1969, high school junior in the back seat of a '64 Plymouth Fury, first time smoking anything. And, it was blond Lebanese, I remember it so well.
 

Cynister

Well-Known Member
Hot knifing at the kitchen stove, pin under glass, mixed with tobacco in a cone smoked through your knuckles; it all comes back. I remember some dark, almost black hash from Turkey that was pressed with opium. Exported hash was very good, but the best rarely left the home territory where it was made. Much like cheese in Parma, Italy where the very best never leaves the region and the lower quality gets exported. This is not to say exported is a bad thing, it can be pretty awesome. I'm not knocking or promoting any particular method of hash making, I'm a fan of them all, just some more than others.
 

Grow Monster

Well-Known Member
Just started dabbing myself and its awesome. Wife doesn't smoke so its perfect cus its almost odorless and she hates the smell of weed and smoke. Just started making hash also. My hash was so gd I didn't wanna press it to rosin. So one thing I must say is fire in fire out. If u use top grade bud for either extraction it will be just as great if not better then it started off. I will be pressing hash in the near future to see how I like it. Having multiple ways to get to the high u desire is the true stoner way. :bigjoint: :bigjoint:
 

lusidghost

Well-Known Member
Possibly. Everybody's the same size on the ground though, little man. Im sure all those big tendons you have are just as fragile as your ego.
This is the problem with watching UFC enough to think you understand basic techniques. If you are small you are going to get slammed into oblivion. What are you going to do, roll in and pick an ankle? Unless you're a very high level BJJ practitioner, which would level the playing field a little bit, you are doomed. Also a big dude vs a little dude on the ground is murder unless you can manage to lock in a rare naked choke and turn out his lights before he peels you off and removes your consciousness through blunt force trauma.

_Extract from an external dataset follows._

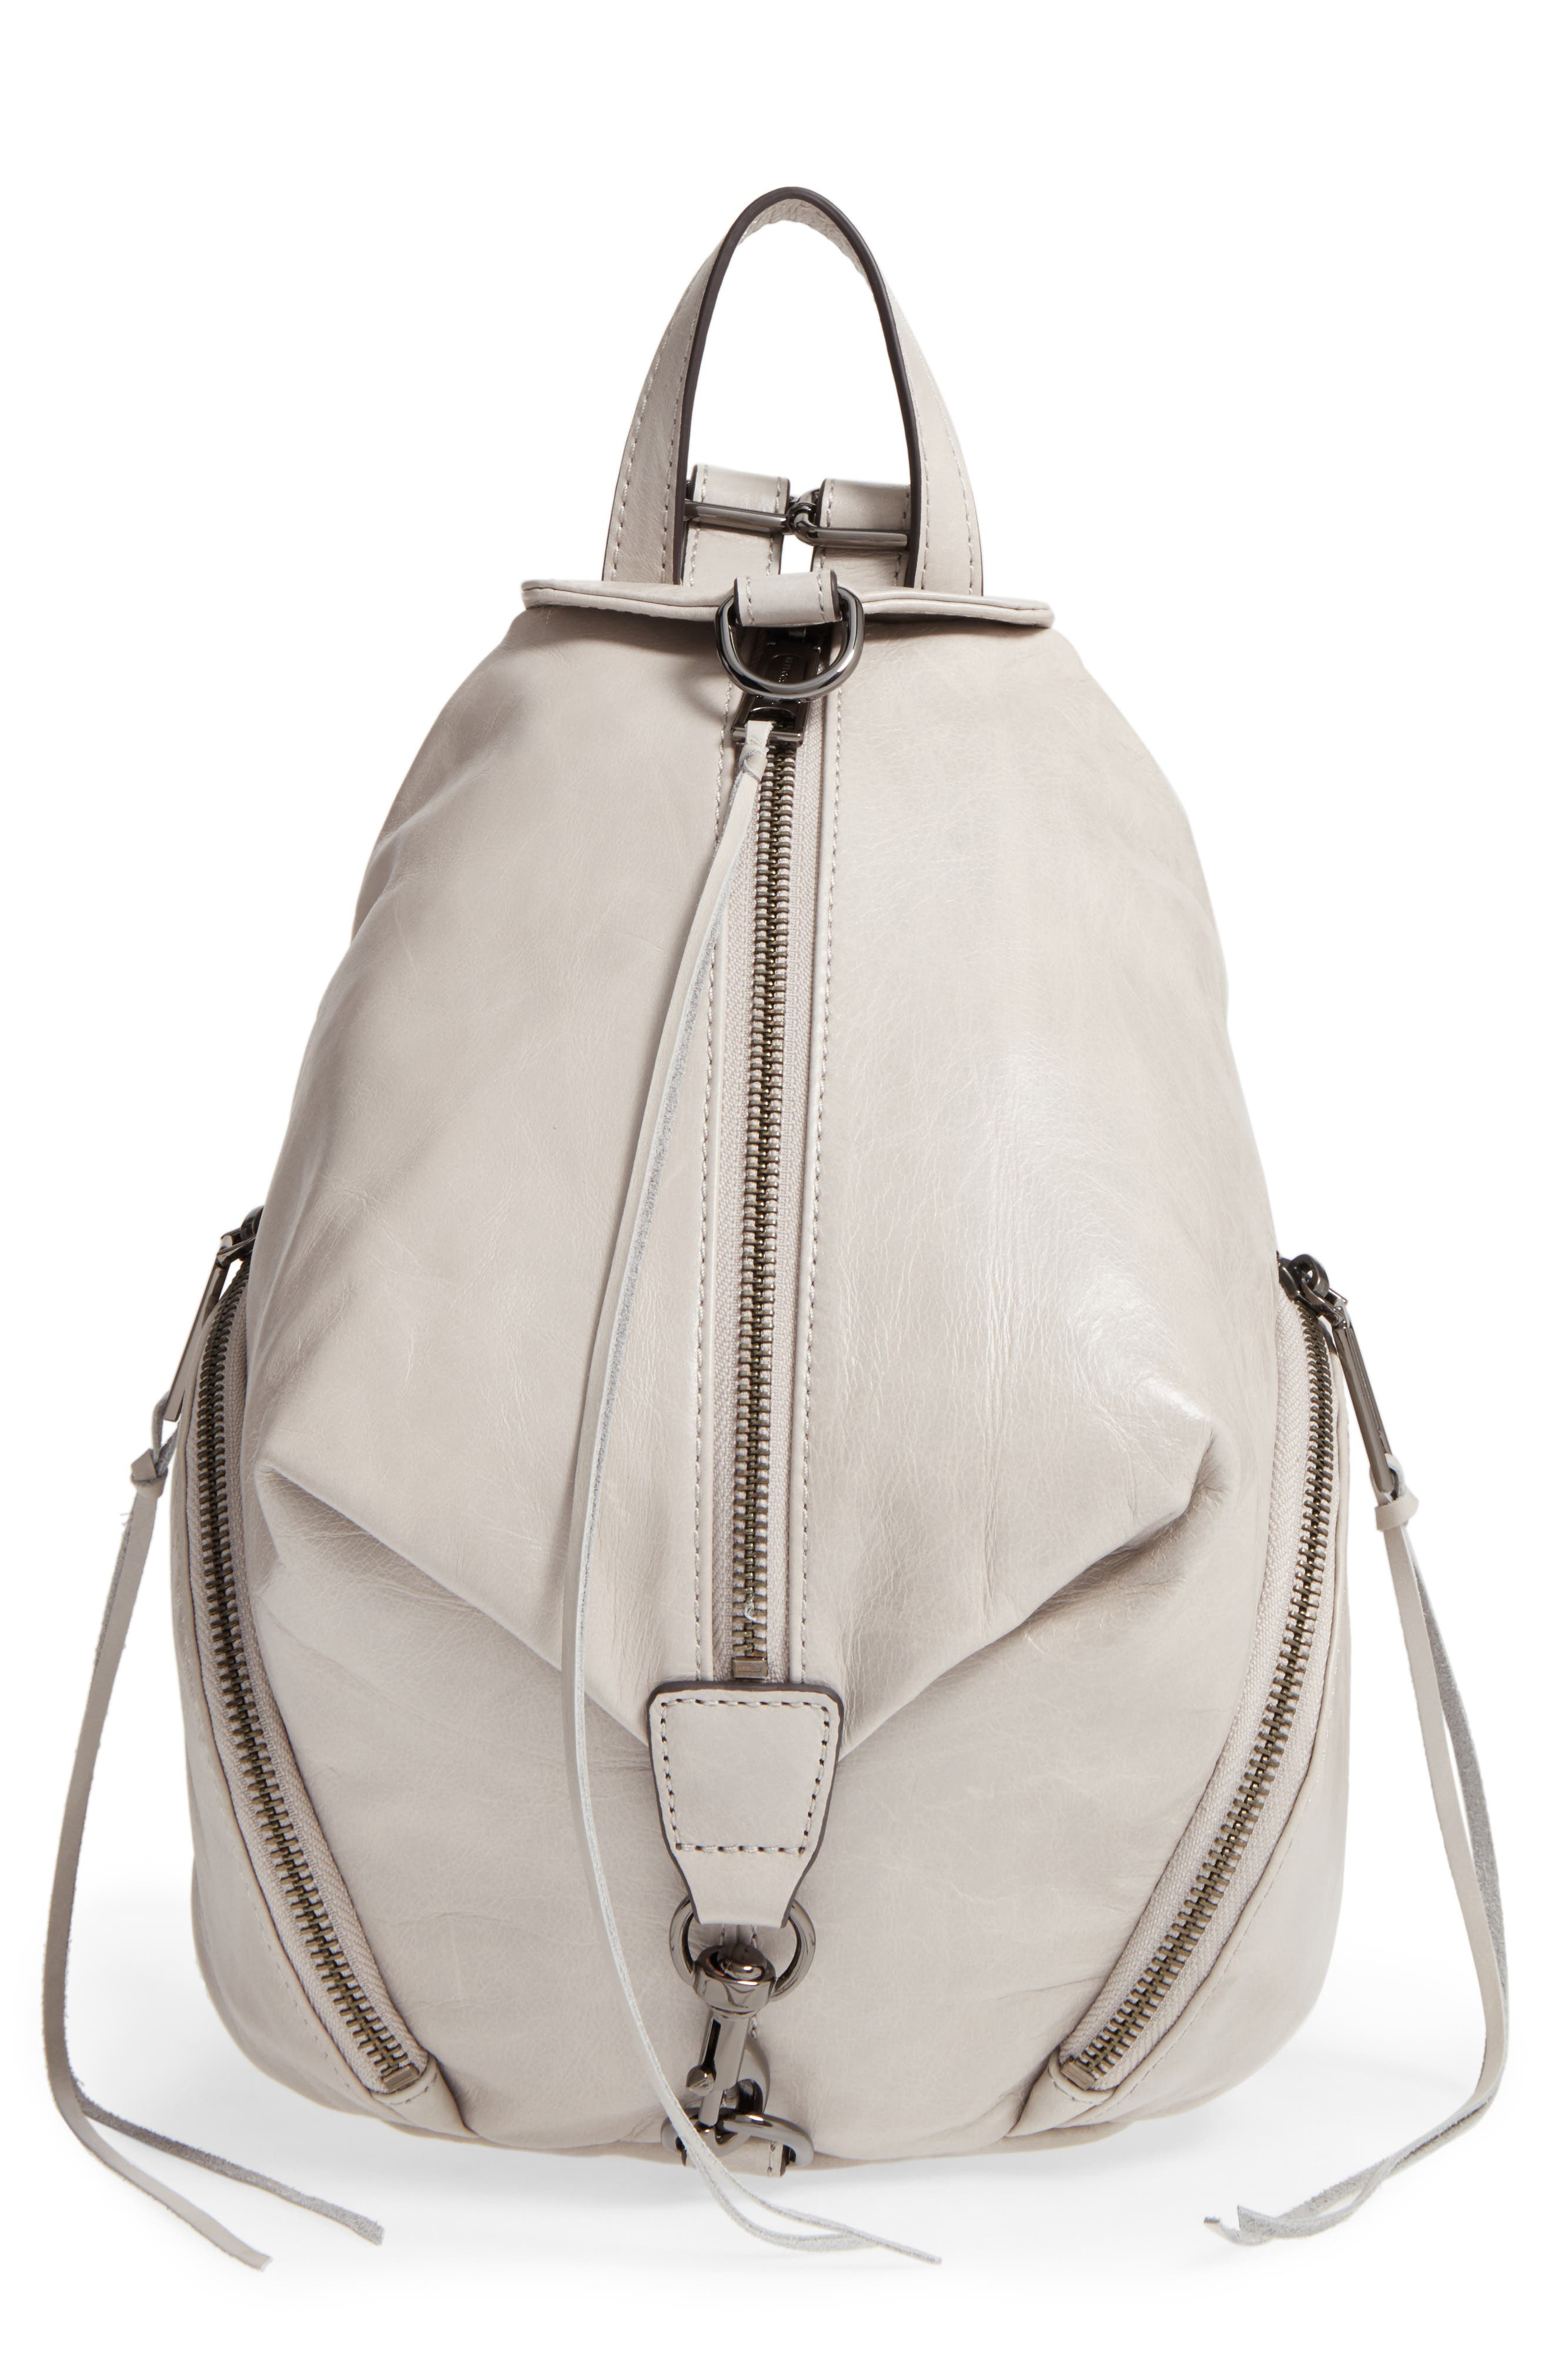 REBECCA MINKOFF Medium Julian Leather Backpack

Anyways, I'd like to try some hash rosin.
 

Django66

Well-Known Member
Hot knifing at the kitchen stove, pin under glass, mixed with tobacco in a cone smoked through your knuckles; it all comes back. I remember some dark, almost black hash from Turkey that was pressed with opium. Exported hash was very good, but the best rarely left the home territory where it was made. Much like cheese in Parma, Italy where the very best never leaves the region and the lower quality gets exported. This is not to say exported is a bad thing, it can be pretty awesome. I'm not knocking or promoting any particular method of hash making, I'm a fan of them all, just some more than others.
I want to make that. Black hash that is blonde in the middle. I remember all of that. Knives, hash on a pin under a glass. My neighbor would bring some "chocolate bars" back from Europe/Aisia somewhere (I forget where) It was a rare treat. So far, I tried making "hash" using the dry ice method, cold water and fresh frozen cold water methods. The dry ice seemed to produce a more manageable and smokable product, but it was full of debris. I didn't get as big a yield as other methods. The last one made a sticky mess. I need more practice.
I guess I could try to imitate Moroccan hash making methods. Put on some Ravi Shankar or Boom Pam and start beating a bowl full of whole plants for a few hours to get a gram or two. I'm trying out a few cultivars that are supposed to be Hindu Kush types that produce a heavy oily plant cultivated for extracts. Probably bull shit but you have to start somewhere.